According to the manufacturing method of the present invention, in manufacturing exhaust vane blades for a turbocharger for an automobile, automation is easy, the quality is stable, and the finishing step can be omitted. Therefore, productivity and manufacturing cost can be drastically improved, and this is an indispensable technique for mass production of exhaust vane blades.

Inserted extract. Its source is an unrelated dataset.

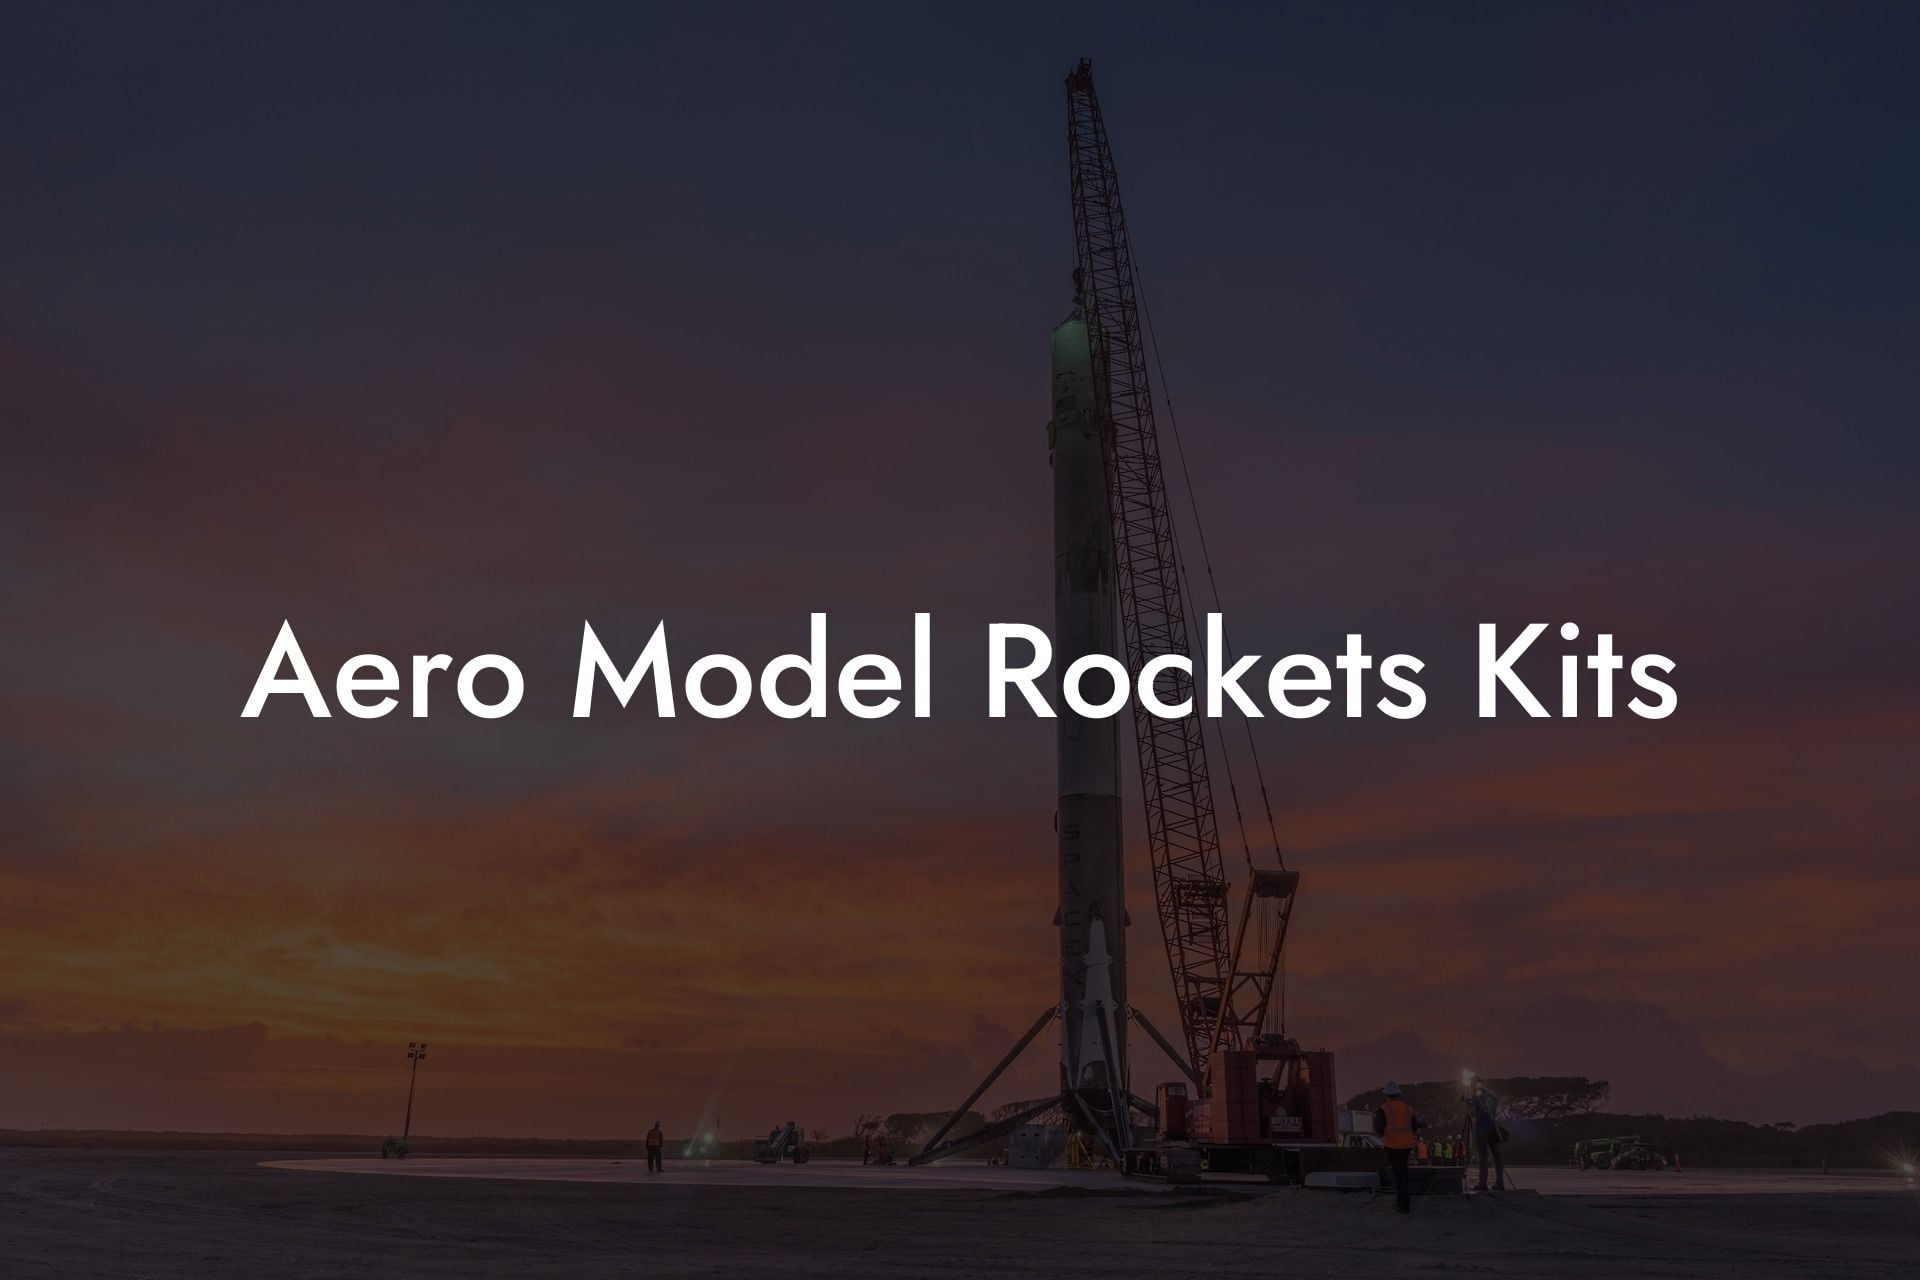 Aero Model Rockets Kits

[Brief description of the drawings]

FIG. 1 is a process chart showing one embodiment of the present invention.

[Explanation of symbols]

 1: Exhaust vane blade 1a: Wing 1b: Shaft 2: Stainless steel plate (Material: SUS310S) 3: T-shaped material 4: Wing-based pressed product 5: Shaft-based pressed product 6: Intermediate product

──────────────────────────────────────────────────続 き Continued on the front page (51) Int.Cl. ⁷ Identification code FI Theme coat ゛ (Reference) F02B 39/00 F02B 39/00 U

Claims (4)

[Claims] 1. A method for manufacturing an exhaust vane blade having a shaft portion connected to a flat blade portion, wherein a metal material of stainless steel or heat-resistant steel is punched and then formed by cold forging. A method for manufacturing an exhaust vane blade for a supercharger for an automobile. 2. The manufacturing of an exhaust vane blade for a turbocharger for an automobile according to claim 1, wherein the exhaust vane blade is cold-forged at the same time as a part of a forming process. Method. 3. The exhaust gas for a turbocharger for an automobile according to claim 1, wherein burrs are removed by a trimming press process and dimensional accuracy is secured in a final stage of the cold forging. Manufacturing method of vane wing. 4. An exhaust vane blade having a cold-forged wing portion and a shaft portion, wherein the shaft portion is substantially as-forged. For exhaust vane wings.